Personal information
- Born: June 23, 2002 (age 22) San Diego, California, U.S.
- Height: 157 cm (5 ft 2 in)
- Sporting nationality: United States
- Residence: Paris, France

Career
- College: University of Southern California
- Turned professional: 2024
- Current tour(s): Ladies European Tour

= Brianna Navarrosa =

American professional golfer (born 2002)

Brianna Navarrosa (born June 23, 2002) is an American professional golfer and Ladies European Tour player. In 2025, she won the Aramco Korea Championship team event and was runner-up at the Dutch Ladies Open.
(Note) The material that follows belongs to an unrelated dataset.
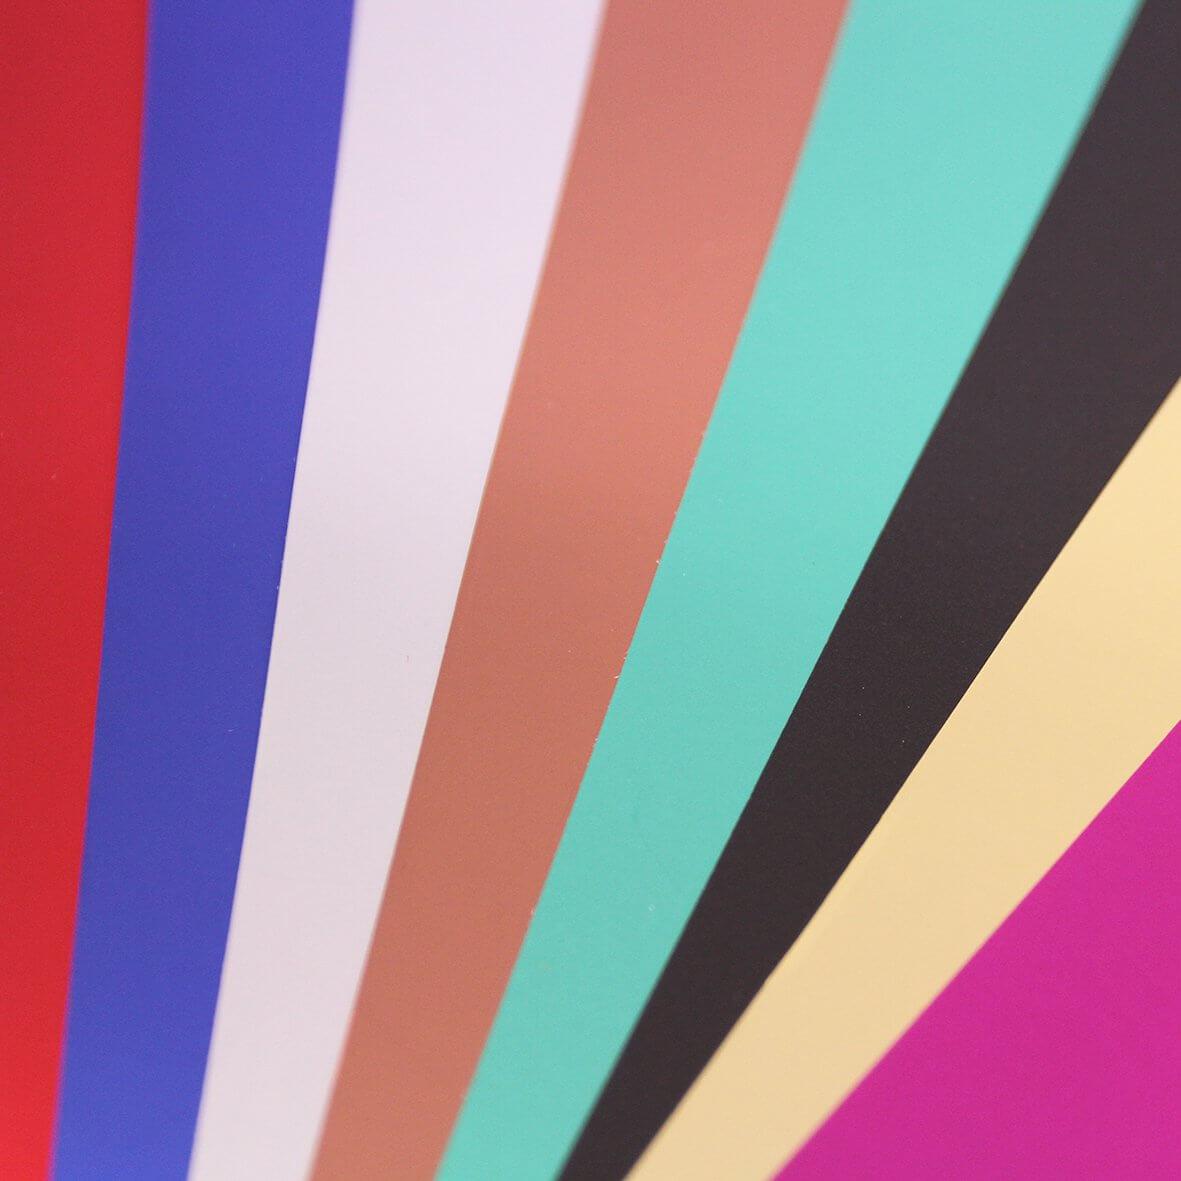 Mirri Swatch - Mirri Card, Silk and Sparkle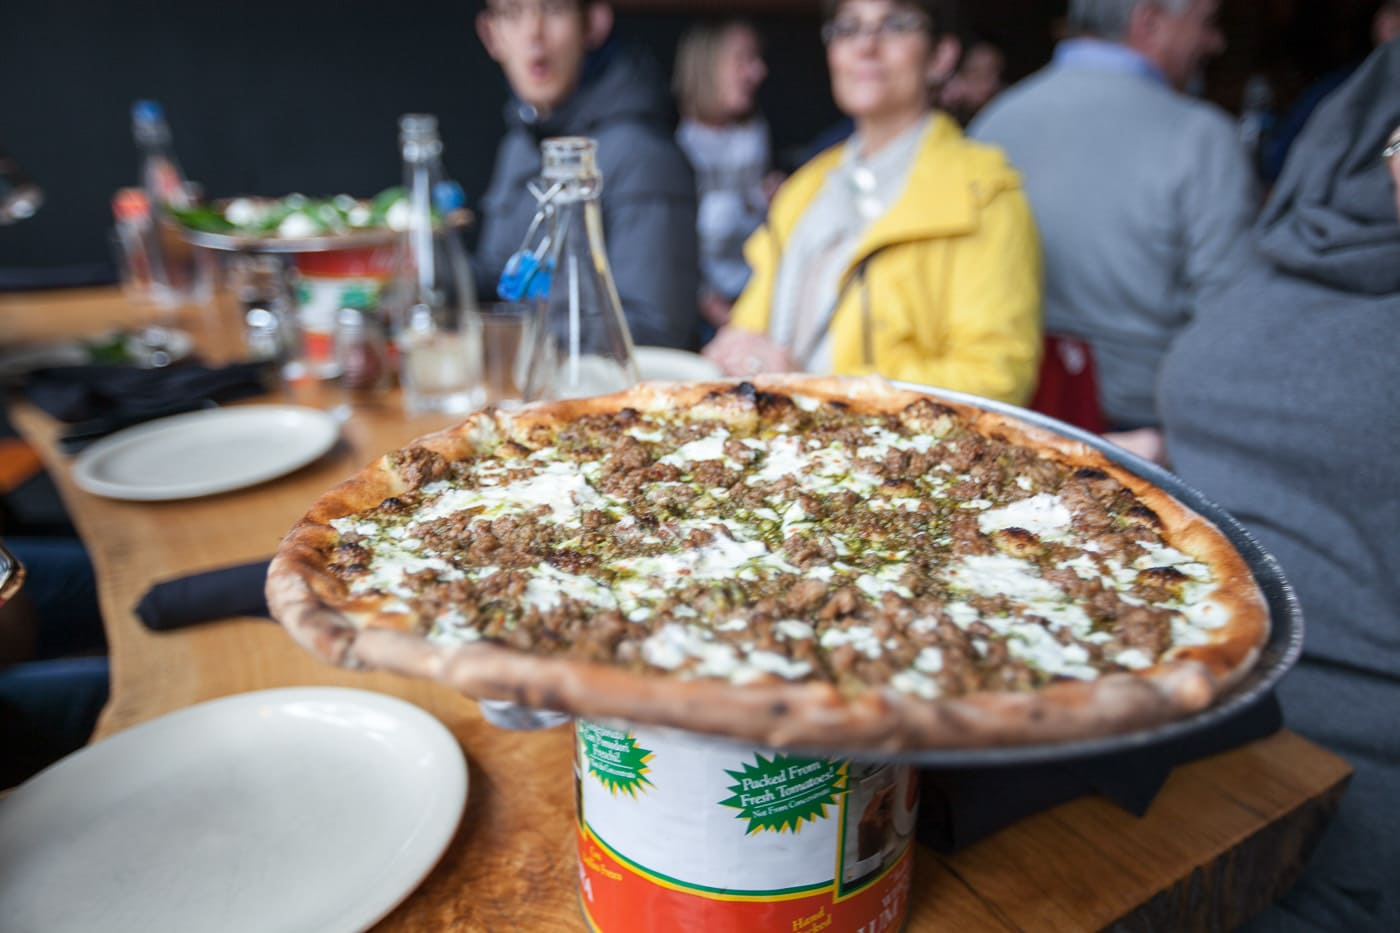 Pizza tour of Chicago with Chicago Pizza Tours - Pistachio Pesto pizza with pistachio pesto, berkshire sausage, burrata, and honey at Coalfire Pizza in Chicago

==Early life and amateur career==
Navarrosa was born in San Diego and began playing golf at the age of six or seven, introduced to the game by her father. She was runner-up at the 2016 U.S. Women's Amateur Four-Ball with Angelina Kim, behind Hailee Cooper and Kaitlyn Papp.

In 2019, she won the Canadian Women's Amateur, and in a match with Mimi Rhodes holed the winning putt for the United States at the Junior Solheim Cup at Gleneagles in Scotland. She reached the 2022 U.S. Women's Amateur quarterfinals, falling on the first hole of a playoff.

Navarrosa attended University of Southern California between 2020 and 2024, and played with the USC Trojans women's golf team, reaching the 2023 NCAA Division I women's golf championship final against Wake Forest.

==Professional career==
Navarrosa turned professional in 2024, and was runner-up at the Destination Gotland Ladies Open, two strokes behind Kajsa Arwefjäll.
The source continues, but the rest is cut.